Images excepted, the data below must be repeated exactly.

## Collected data
**********
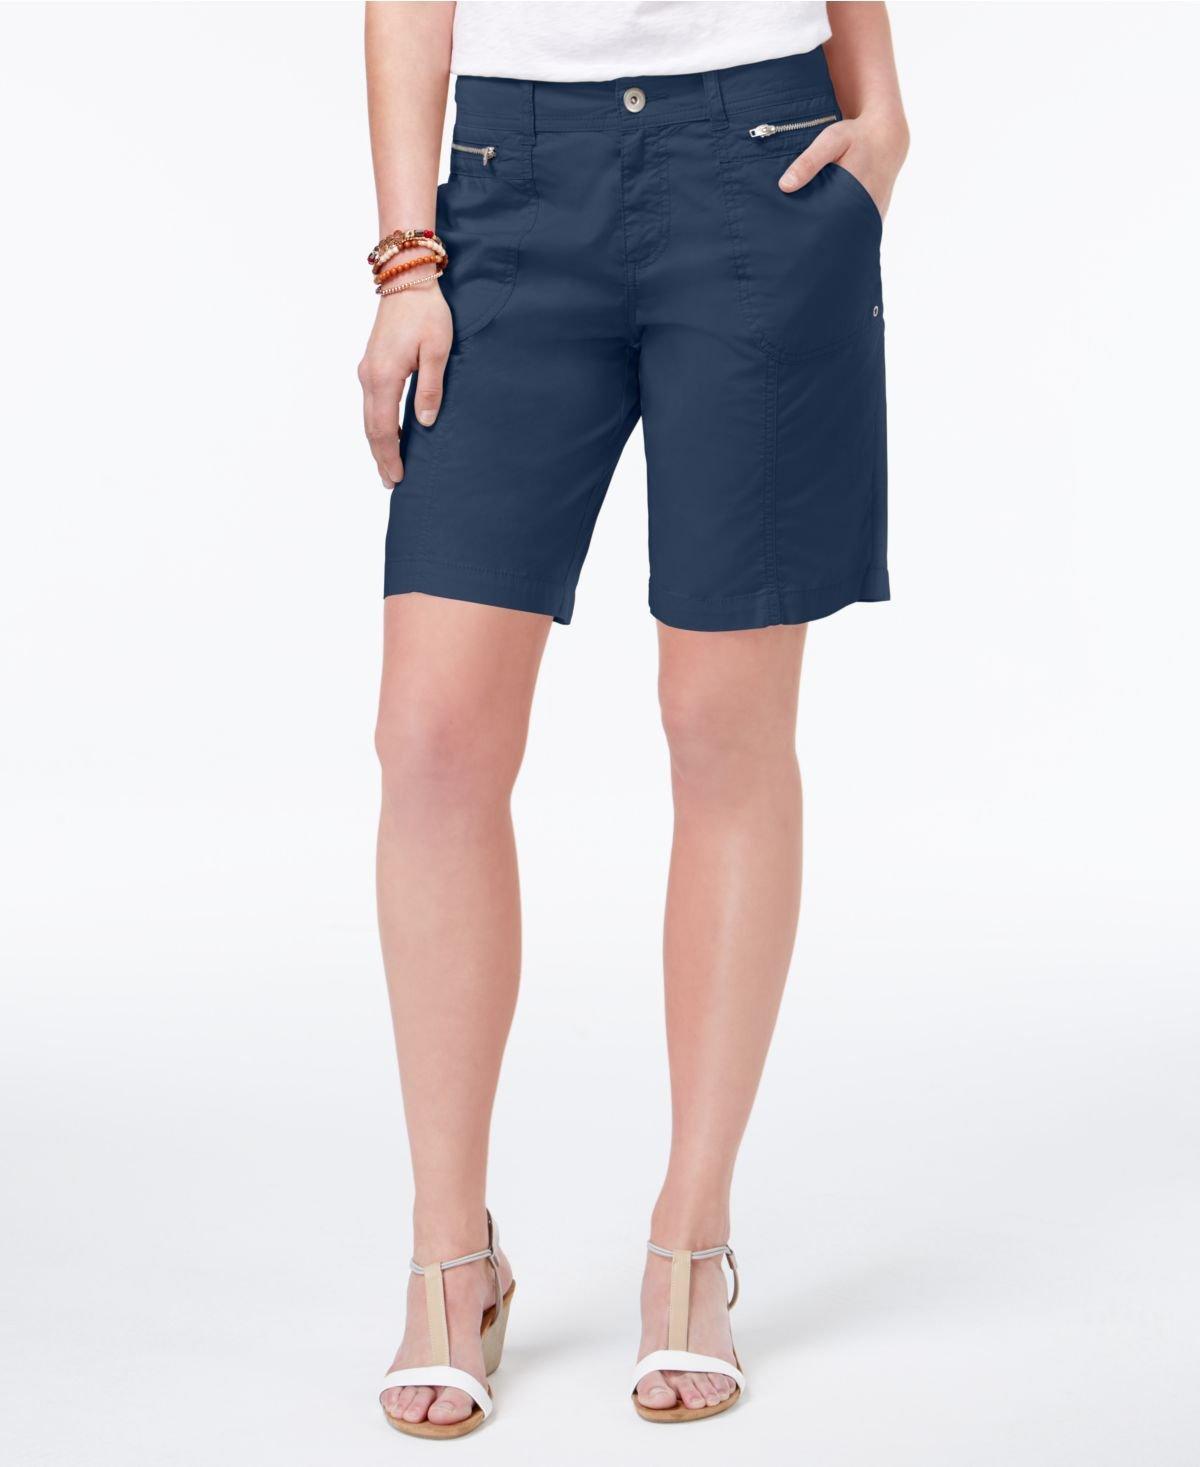 Style & Co. Zippered-Pocket Shorts (Deep Black, 16)
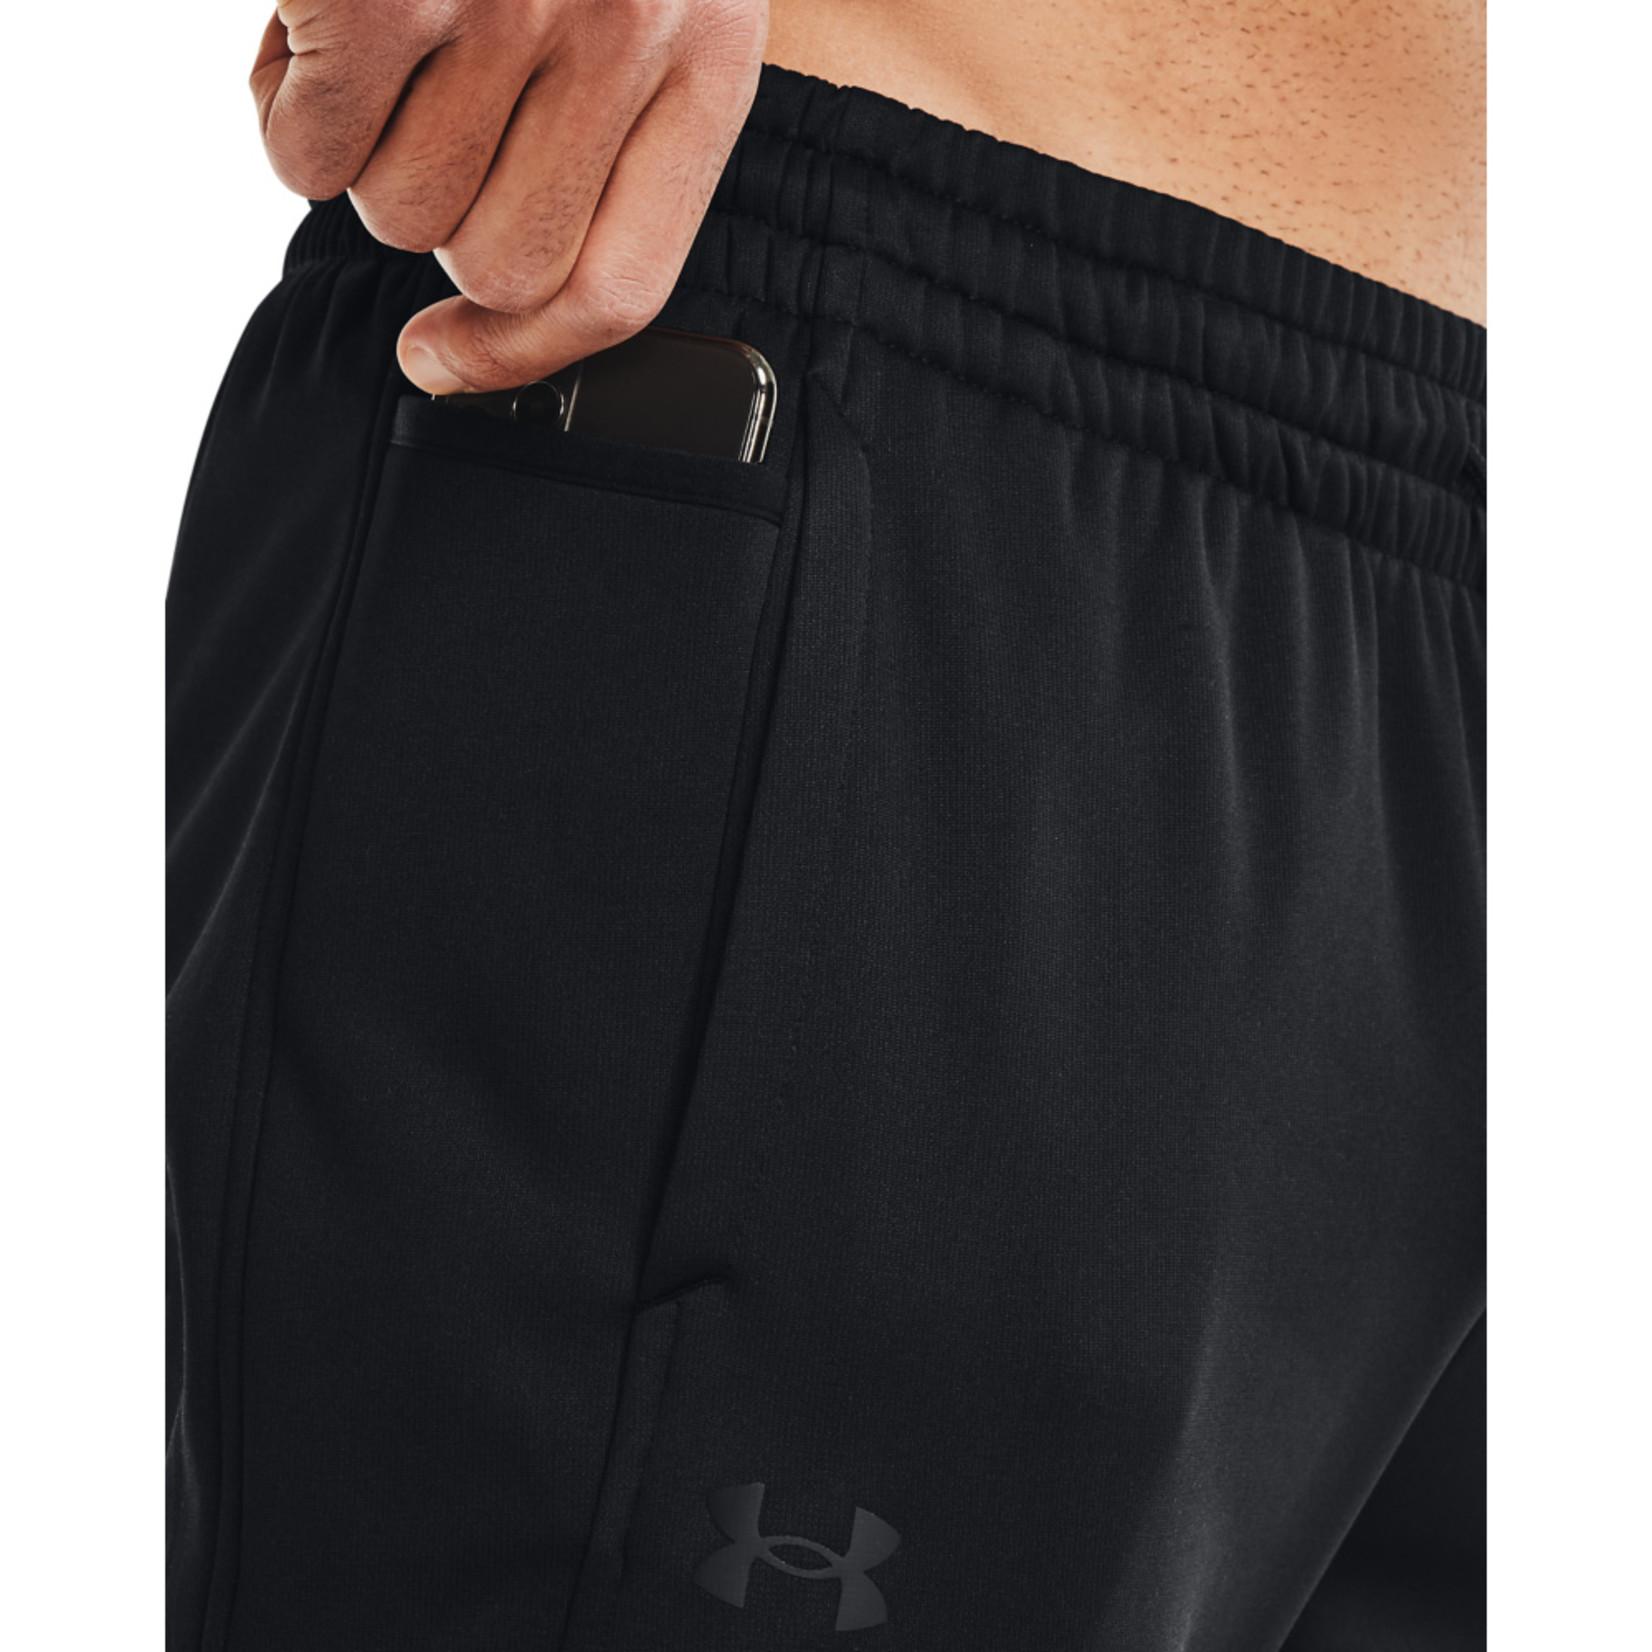 Under Armour UA Armour Fleece Pants-Black
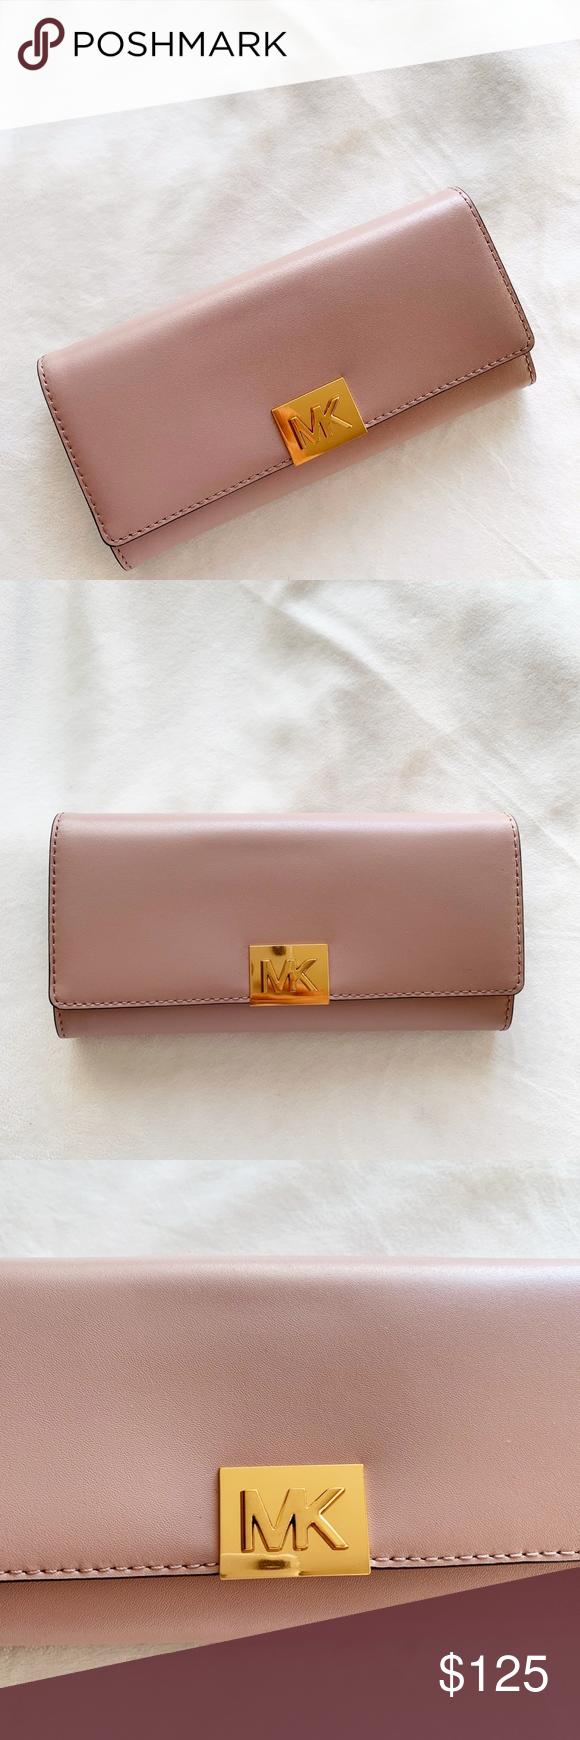 b23faef9f5bb Michael Kors Carryall Mindy Leather Wallet Michael Kors Mindy Carryall  Leather Signature PVC Flap Clutch Wallet
**********
## Expected answer
 Style & Co. Zippered-Pocket Shorts (Deep Black, 16)
 Under Armour UA Armour Fleece Pants-Black
 b23faef9f5bb Michael Kors Carryall Mindy Leather Wallet Michael Kors Mindy Carryall  Leather Signature PVC Flap Clutch Wallet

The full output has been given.